A 2-year multicenter cross-sectional, single arm French study (Hepatitis and Renal Parameters Evaluation) showed that renal abnormality was highly prevalent in treatment-naïve chronic hepatitis B patients (n = 280): a GFR < 60 mL/min/1.73 m² in 3.5% (4/73) and proteinuria ≥ 1+ in 38.1% (59/155). It was similar with the results of our study: a decreased GFR in 3.3% and proteinuria ≥ 1+ in 30.9% among the HBsAg positive cases.21 The HBsAg, HBV core antigen or HBV e antigen was detected within immune complex deposits in kidney tissues from patients with HBV associated glomerulonephritis (HBGN). Moreover, the sera of HBV-infected patients induced the apoptosis of human kidney proximal tubular epithelial cells by up-regulation of Fas.12 The circulating Cu/Zn superoxide dismutase levels, suggesting an enhanced oxidative stress were higher in hepatitis B patients undergoing renal replacement therapy than in patients without hepatitis B.14 Serum HBV-DNA levels were associated with proteinuria in HBGN,22 and antiviral therapy against HBV, such as lamivudine with or without immunosuppressive therapy, resulted in a complete resolution of membranous nephropathy in 75%–80% of patients.23 24 25 Therefore, these findings support the role of HBV infection in the development of renal injury.

However, several clinical studies on the association between the HBV infection and CKD showed highly controversial results. Lee et al.17 reported that HBV infection was not associated with CKD in a Taiwanese community based cross-sectional study that included health check examinees (n = 54,996) from April to November 2004, while HCV infection was associated with CKD. However, the same authors reported that HBV infection, but not HCV infection, was associated with CKD in elderly patients > 60 years of age, which was not consistent with their previous study.18 A Japanese single center health check examinee study (n = 12,535) during 2004 and 2006 showed that HBV infection (n = 130, 1.0%) was not associated with a lower GFR and albuminuria, while HCV infection (n = 72, 0.6%) was associated after adjusting for age, sex, systolic blood pressure and fasting glucose. However, further adjustment for either homeostasis model assessment insulin resistance or serum ALT abolished the association between HCV infection and albuminuria.15 A Chinese single center health check examinee study (n = 15,600) from 2009–2012 showed that there was no association between either HBV or HCV infection and CKD; however, the presence of hypertension, diabetes, albumin level, triglyceride level and total cholesterol level were independent factors, while age and sex were not significant factors.26

In contrast to the above cross-sectional studies, a longitudinal 13-year nationwide Taiwan cohort study using the National Health Insurance Research Database (n = 88,980) from 1996–2010 showed that untreated chronic HBV infection was associated with an increased risk of CKD (adjusted hazard ratio [HR], 2.58; 95% CI, 1.95–3.42), and the association was significant in male of any age and female under the age of 50 but not in female aged 50 years or older.6 The same authors also reported that untreated chronic HBV infection is associated with an increased risk of ESRD (12-year cumulative incidence, 1.9%) compared with a non-HBV cohort (0.49%) (adjusted HR, 3.85; 95% CI, 2.83–4.50; P < 0.001).7 Another single-center cohort study from Hong Kong that included 2,838 patients with type 2 diabetes enrolled during 1995–1999 showed that chronic HBV infection was associated with an increased risk of ESRD (adjusted HR, 1.53; 95% CI, 1.11–18.58; P = 0.036) during a median follow-up of 3.5 years.27 All of the above 3 published longitudinal study results were similar with our cross-sectional study results showing that chronic HBV infection was significantly associated with a decreased GFR (adjusted OR, 1.22; 95% CI, 1.03–1.43) and with proteinuria (adjusted OR, 1.35; 95% CI, 1.27–1.43).
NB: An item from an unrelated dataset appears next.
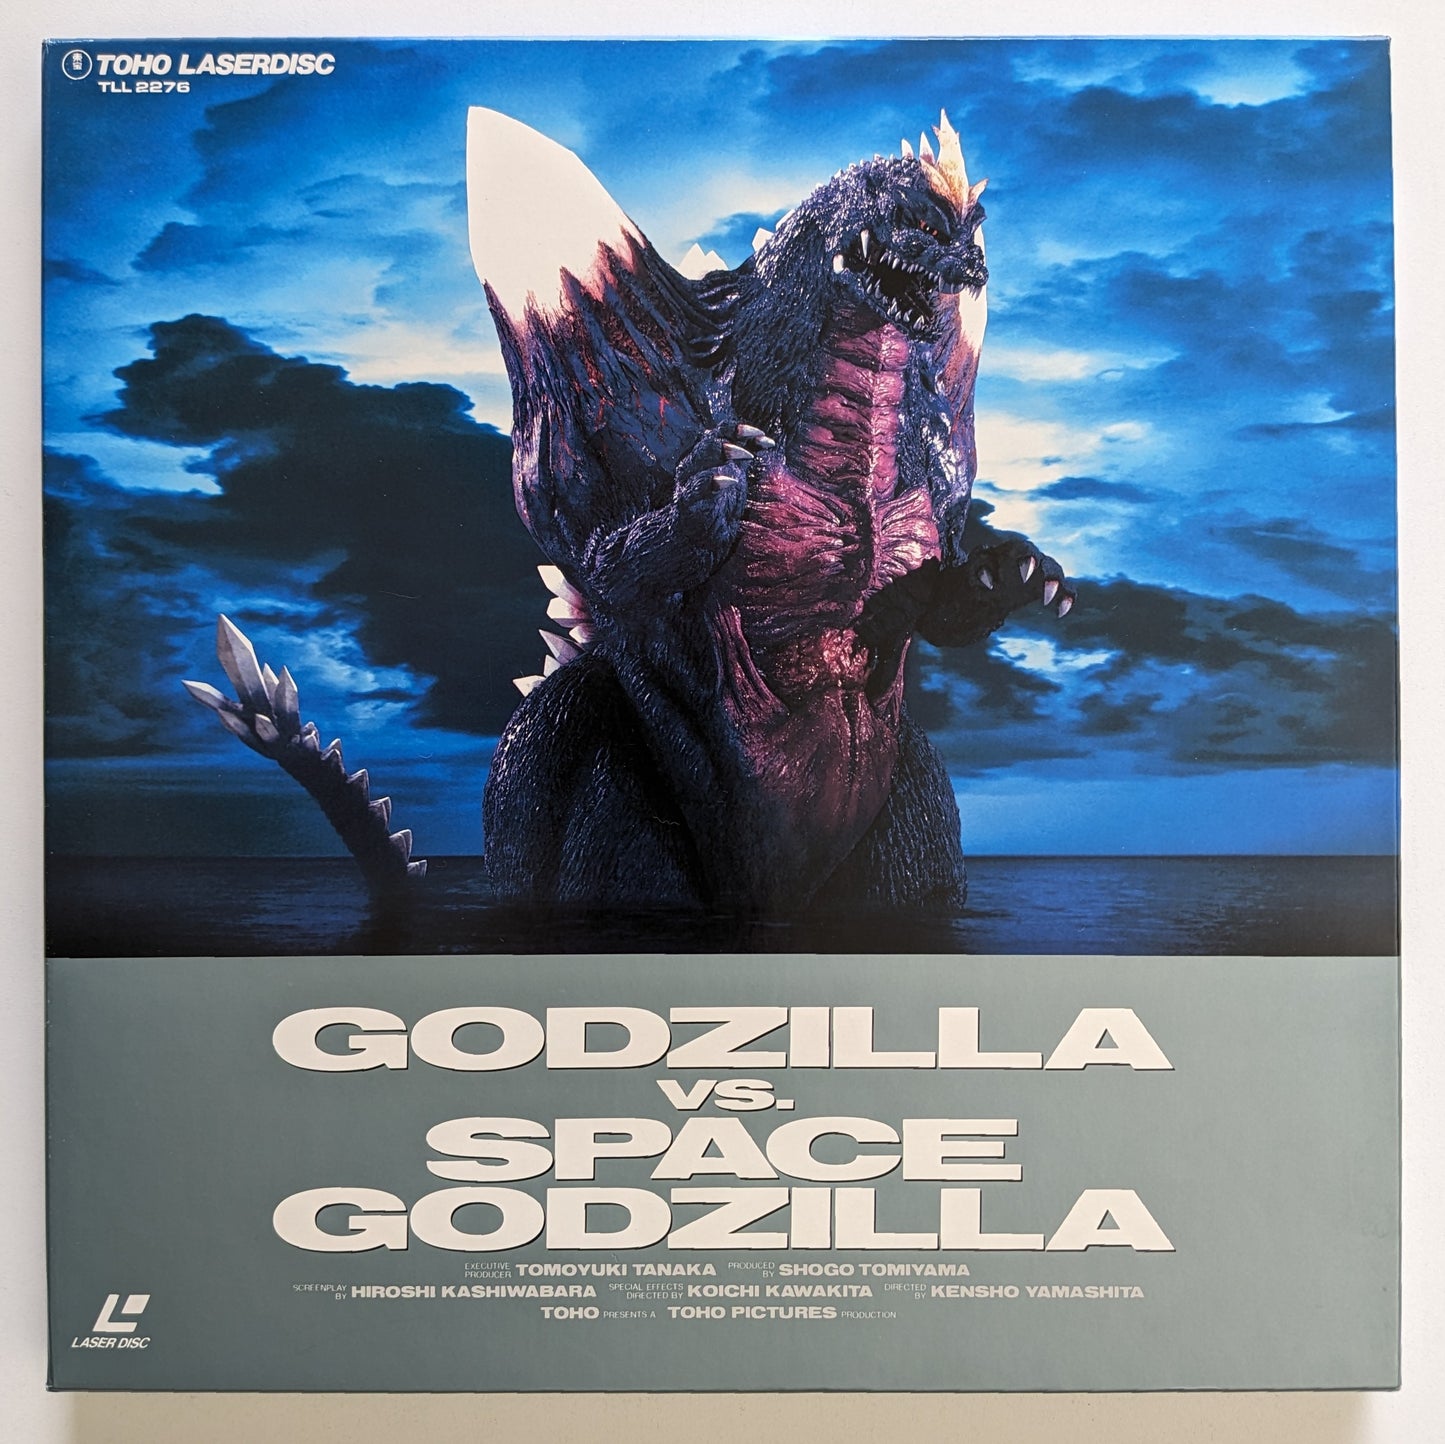 Godzilla vs. Spacegodzilla box set (1994) Japanese Laserdisc

Previous studies have shown that age, diabetes mellitus, hypertension, male, anemia, and obesity are independent risk factors for CKD,28 29 which was partially concordant with our results; old age, high BMI, high HbA1c level, anemia, and hypoalbuminemia, as well as HBsAg positivity, were independent factors associated with GFR < 60 mL/min/m². In the subgroup analysis by sex, HBsAg positivity remained an independent factor for GFR < 60 mL/min/m² in male but not in female. This finding is consistent with a previous cross-sectional study.30 It may be related to the higher susceptibility of chronic HBV infection and the higher risk of HBV-related liver injury in male than in female.31 Moreover, the renal protective role of estrogen was also demonstrated previously32: the course of kidney disease is more modest in female than in male,33 34 and estrogen replacement therapy can help to improve renal functions in menopausal women.35

Screening proteinuria by dipstick is often the first approach to evaluate the kidneys and provides a sensitive test for renal disease from early to advanced stages.36 In this study, HBsAg positivity was an independent factor for proteinuria not only among all the subjects but also in both male and female in the subgroup analysis.
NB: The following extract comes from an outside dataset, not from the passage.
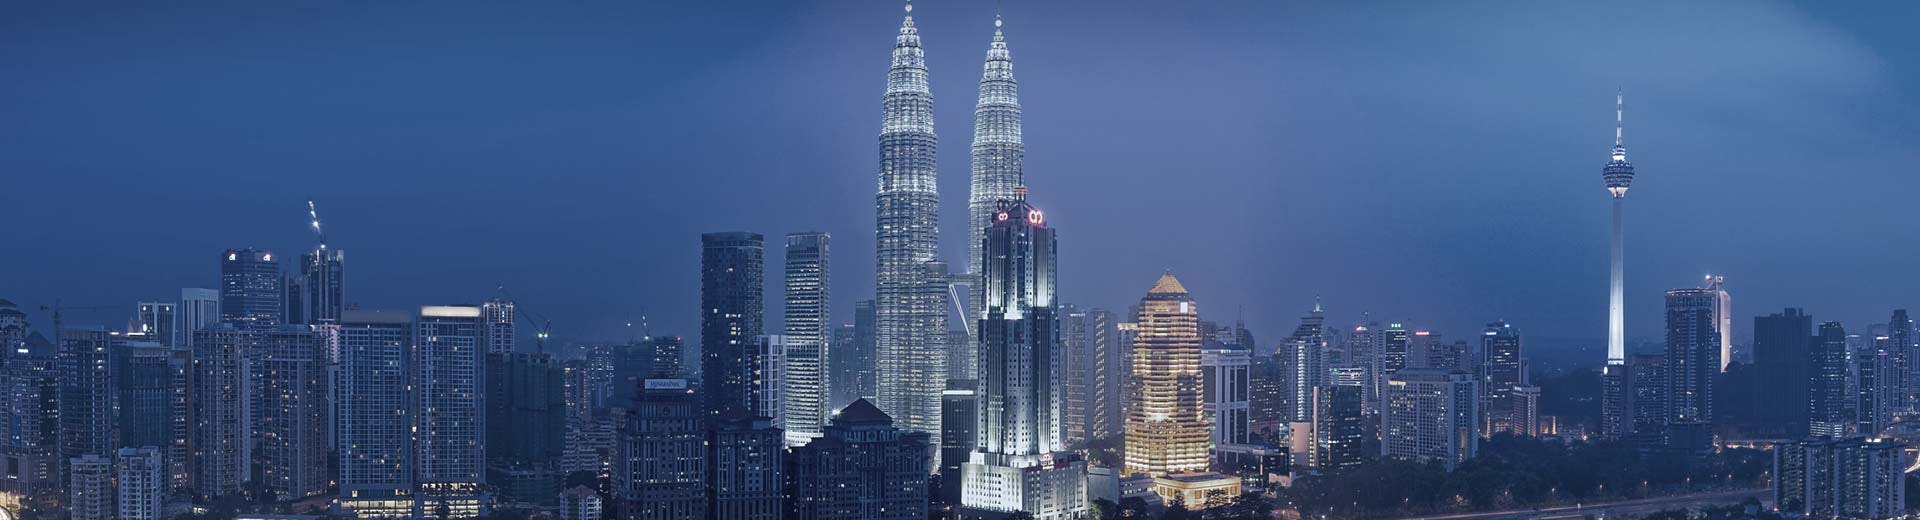 Les tours jumelles imminentes de Kuala Lumpur éclairent le ciel sombre.

Although the present study could not provide information on the HBV-DNA level and HBV genotype, almost all (95%–99%) of the Korean hepatitis B patients exhibited the HBV genotype C37 which is more virulent and has a lower antiviral response to interferon than that of genotype B.38 39 Lei et al.40 reported that individuals with HBV genotype C may be more susceptible to HBGN and severe clinical manifestation. Additionally, individuals with HBV genotype C may be susceptible to renal damage due to a high viral load.
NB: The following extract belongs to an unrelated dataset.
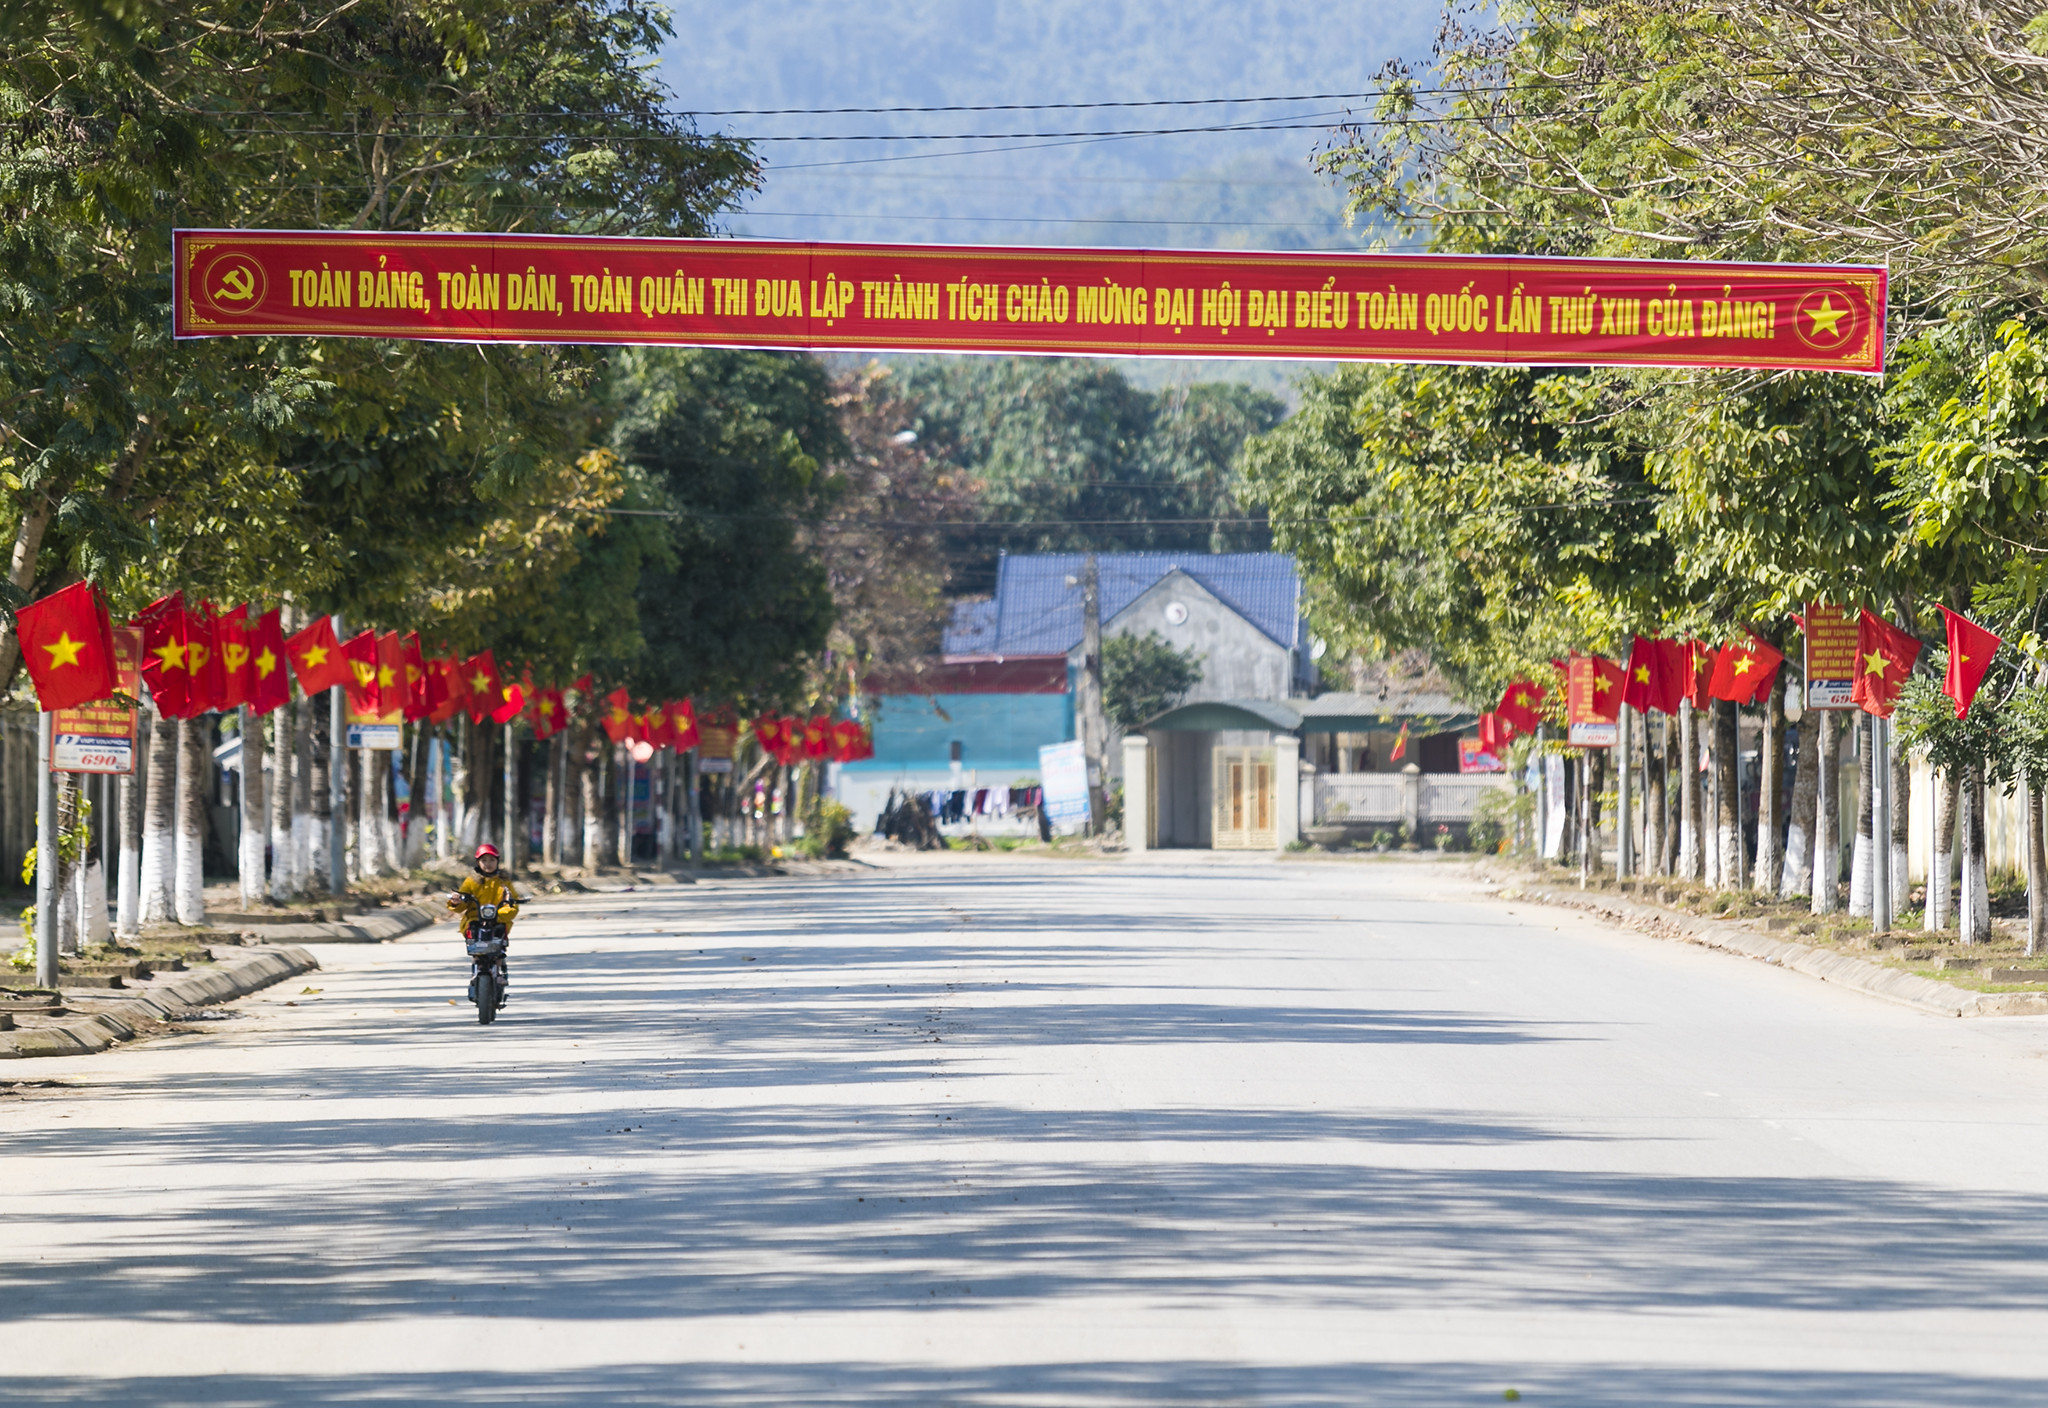 Thị trấn Kim Sơn, huyện Quế Phong rực màu cờ đỏ sao vàng. Ảnh: Đức Anh

There are several limitations in this study. Because of the nature of the data, information on the serum HBV-DNA level and antiviral therapy against HBV was not available. Even though some portions of the cases may have had received antiviral drugs with complete control of HBV replication, HBsAg positivity remained as an independent factor for CKD or proteinuria in this study. Second, this study had a cross-sectional design with a single measurement for the GFR and proteinuria which do not provide the causal relationship between HBV infection and CKD. Third, because our case group was defined as HBsAg positive individuals, very rare case of acute hepatitis B may be not excluded in this group. However, majority of acute hepatitis B cases in adults showed a symptomatic presentation, so that they may go doctor's clinic rather than health-check examination center. Fourth, the selection bias would be existed in our study because it is likely that subjects with relatively good health and economic conditions underwent health-check examination. Furthermore, the GFR was not determined by a direct measurement, and the estimated GFR may not accurately reflect renal function in some patients with a severe liver disease because these patients had decreased muscle and creatinine production. Lastly, information on hypertension, diabetes, medication, and liver images such as abdomen ultrasonography and/or abdomen computed tomography was not available, and we could not assess potential confounders associated with the decreased GFR or proteinuria. Despite these limitations, to our knowledge, this is the first study to report a population level association between chronic HBV infection and CKD in Korea with a large sample size and comprehensive laboratory results.

In conclusion, this large, nationwide, multicenter study indicates that HBV infection is significantly associated with CKD. Especially, male sex may affect the association between HBV infection and CKD. Therefore, physicians should pay attention to the renal function as well as the liver function of chronic hepatitis B patients in the era of effective antiviral therapy.

Notes

Funding: This study was supported by a grant of the Korea Health Technology R&D Project through the Korea Health Industry Development Institute (KHIDI), funded by the Ministry of Health & Welfare, Republic of Korea (Grant No. HC15C1193).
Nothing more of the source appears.